Eta Kappa Nu was founded on October 28, 1904 as the national honor society for electrical engineering students at the University of Illinois at Urbana-Champaign. Maurice L. Carr and nine other undergraduates formed the first chapter and developed a national structure. Their vision for the honor association combined collegiate engagement with a professional community to aid student and alumni members and to support the general profession. Character and attitude were designated along with scholarship as the three ideals to be recognized and promoted through membership and activity.

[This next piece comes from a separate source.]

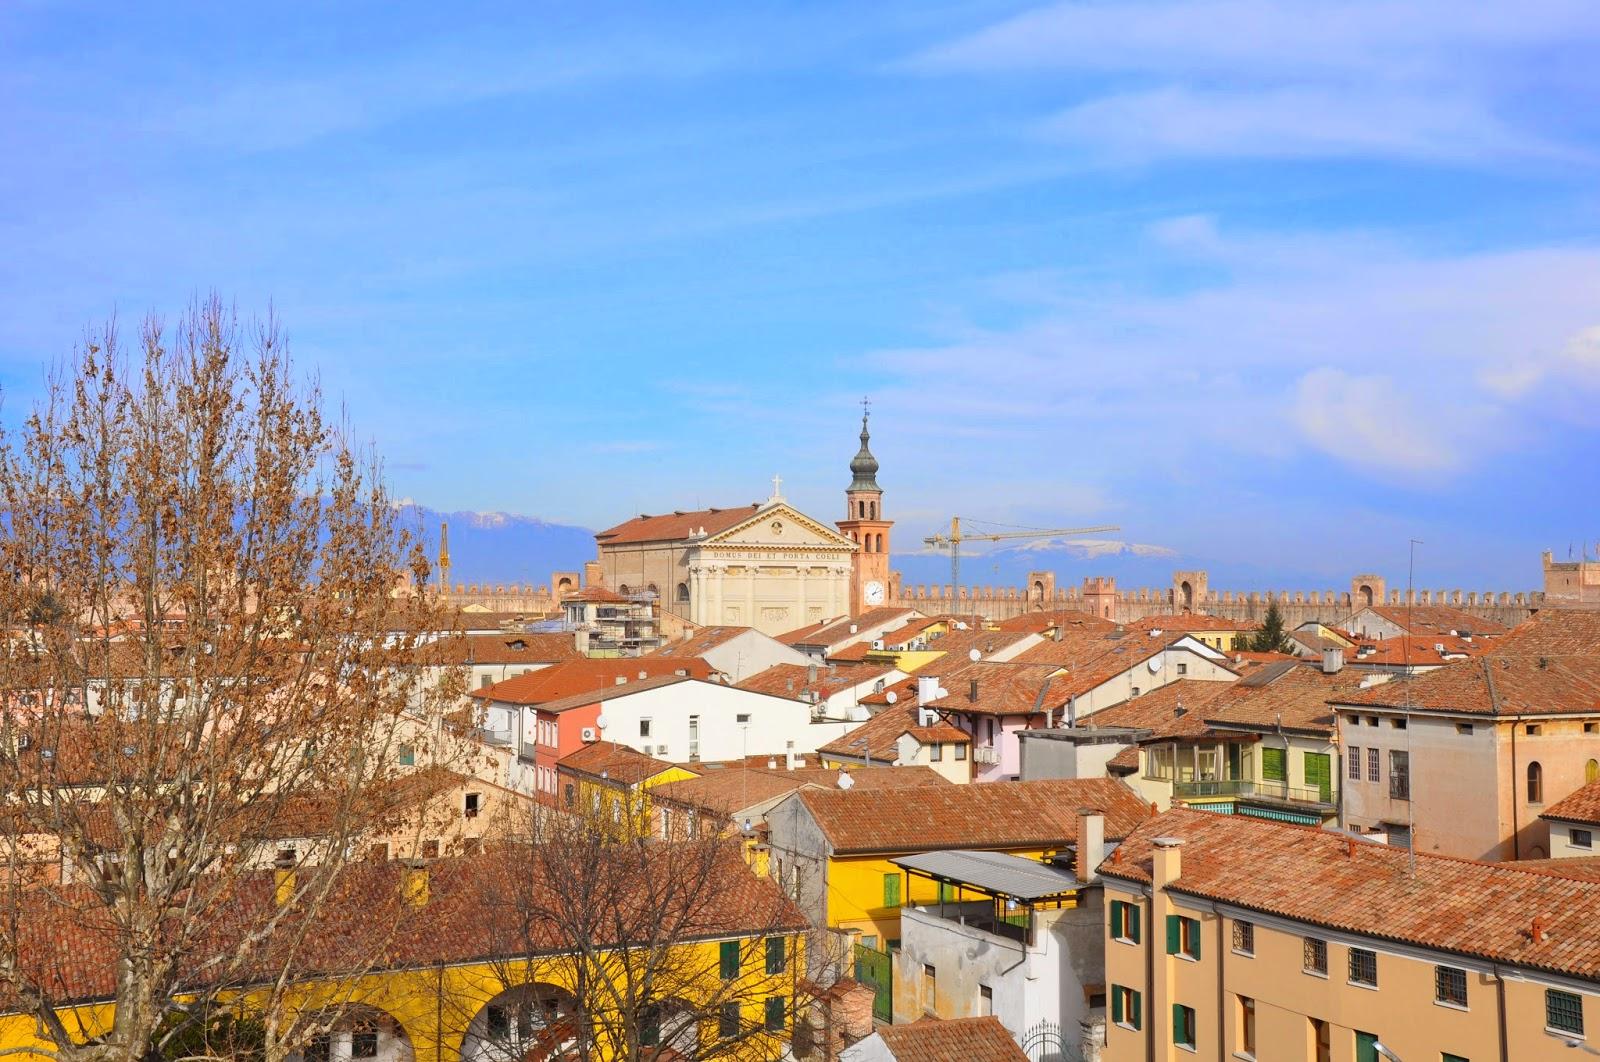 town Cittadella medieval wall

Hence, HKN is concerned with more than simply scholarship and the collegiate experience.

The first century of Eta Kappa Nu began with two of the founders, Maurice L. Carr and Edmund B. Wheeler, serving as the first and second national presidents, respectively. The next chapters were organized at Purdue University, Ohio State University, and Illinois Institute of Technology. By the centennial in 2004, more than 200 student chapters as well as several alumni chapters had been chartered. These chapters have sustained records of local service and engagement activities. The national organization developed prominent awards for outstanding chapters, students, teachers, young professionals, and service in electrical engineering. The scope expanded to both electrical and computer engineering in 2000. ΗΚΝ also created a membership path for professionals and an Eminent Member recognition for career accomplishments.

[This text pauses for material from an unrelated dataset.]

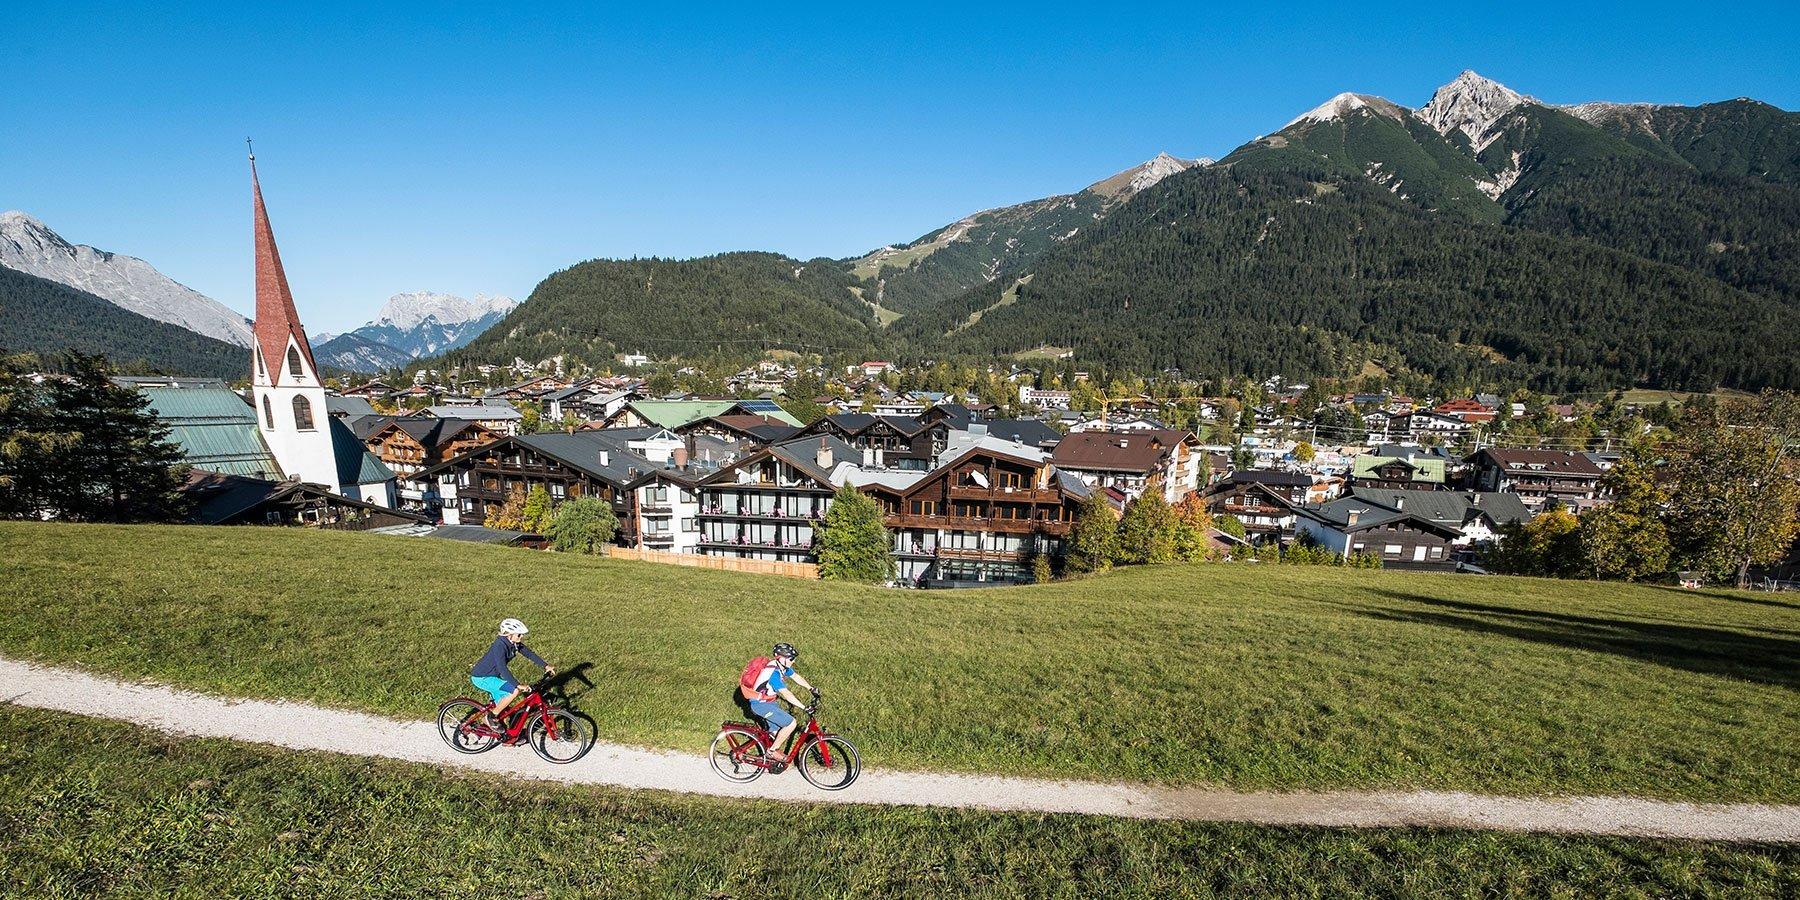 frau sucht mann in Seefeld in Tirol - Erotik & Sex

The second century of Eta Kappa Nu has a continued emphasis on the original vision, but the program and structure have been modified. Its signature activities have been revised to include special attention to service and student conferences. It has formalized a relationship within IEEE as an organizational unit in which ΗΚΝ is now IEEE-HKN and it is governed by a Board of Governors that are elected by the chapters. This merger became effective on 1 September 2010. As a result of the merger, chapters are being chartered internationally and membership eligibility is expanded to all IEEE fields of interest. The first chapters outside the U.S. were chartered in 2012 at the University of Hong Kong and Dalhousie University (Canada). The headquarters was moved to IEEE in Piscataway, NJ where the office is administered by the IEEE-HKN Director and staff. IEEE-HKN has close ties with the Electrical and Computer Engineering Department Heads Association (ECEDHA).

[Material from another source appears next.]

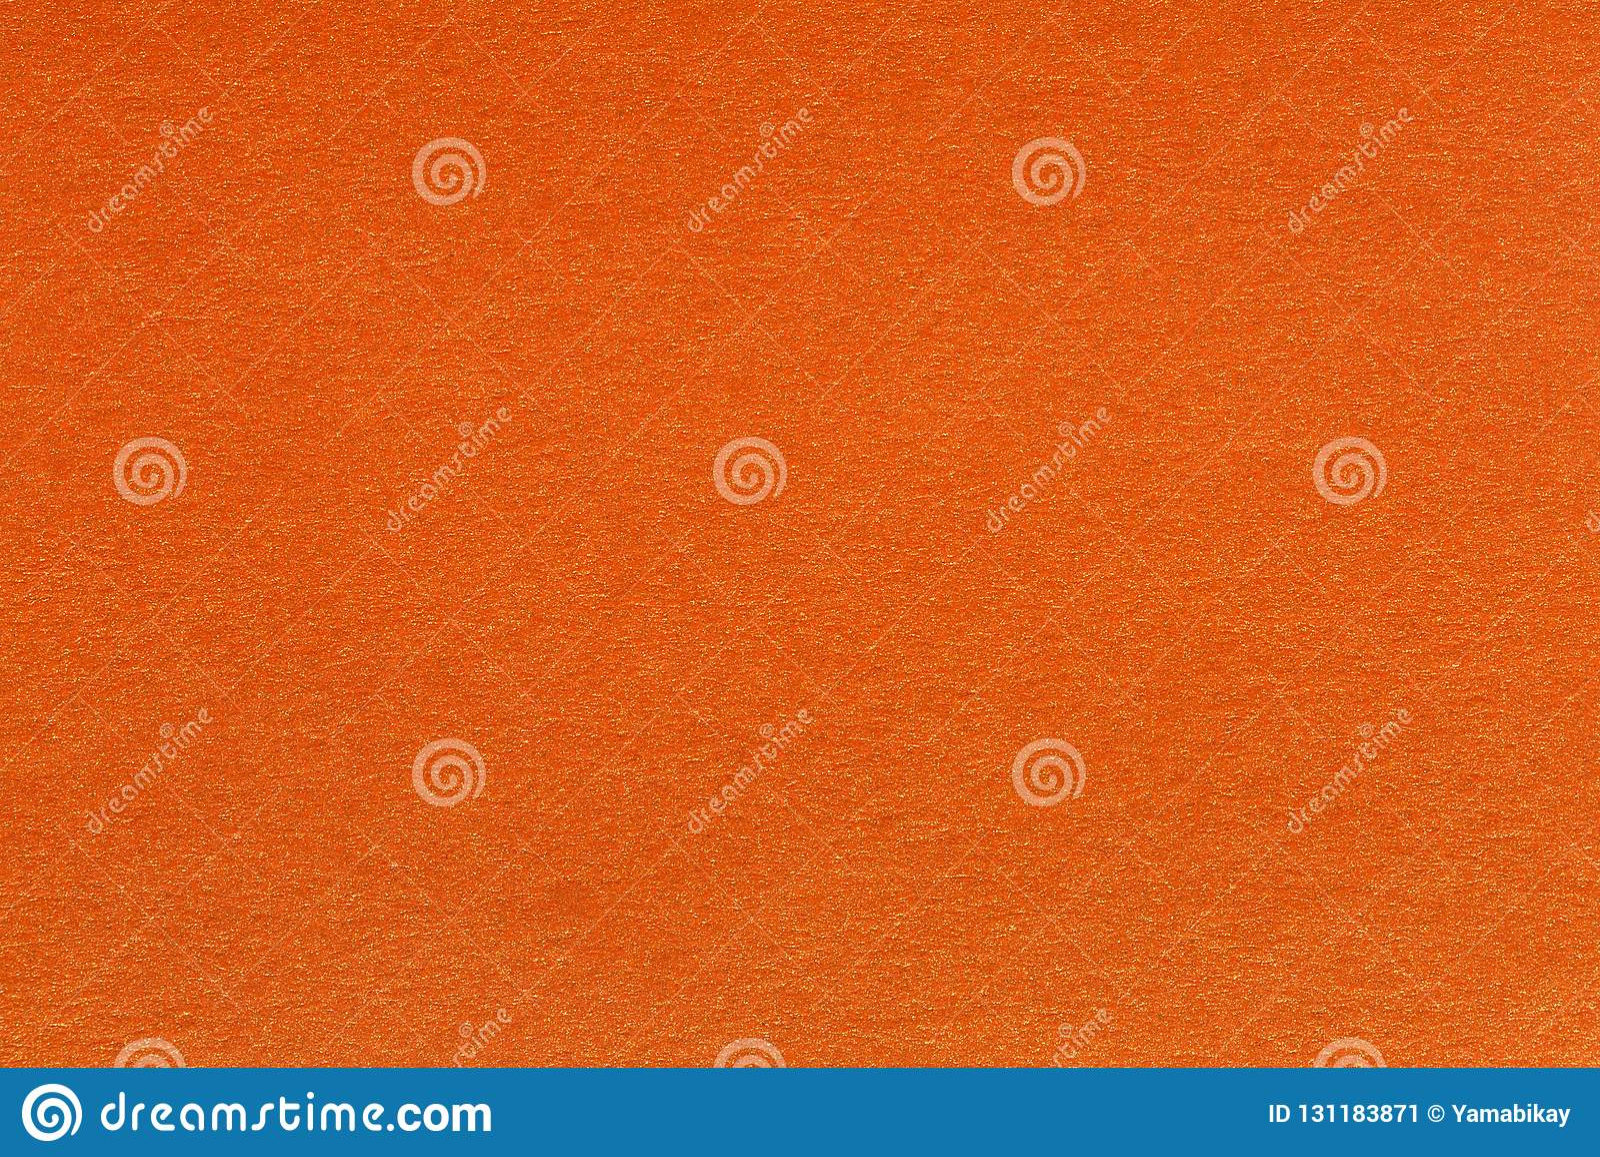 Abstract Orange Background Light Yellow Corner Spotlight

An important repository of HKN/IEEE-HKN history is the Engineering and Technology History Wiki (ETHW).

== Symbols ==
Eta Kappa Nu's name is based on the Greek word for amber "elektron" from which the English words "electron", "electricity", and "electronic" are derived. (Amber is a material that exhibits electrostatic properties when rubbed.) In Greek, the word is ΗΛΕΚΤΡΟΝ or ήλεκτρον. The first, fourth, and last letters form the society name of Eta Kappa Nu, which abbreviates to ΗΚΝ.

The emblem is a stylized representation of a Wheatstone bridge. This circuit is used to determine an unknown resistance from three known resistances. A membership analogy is made in which career success is determined when a balance of scholarship, character, and attitude is achieved. These three ideals are the basis for member eligibility.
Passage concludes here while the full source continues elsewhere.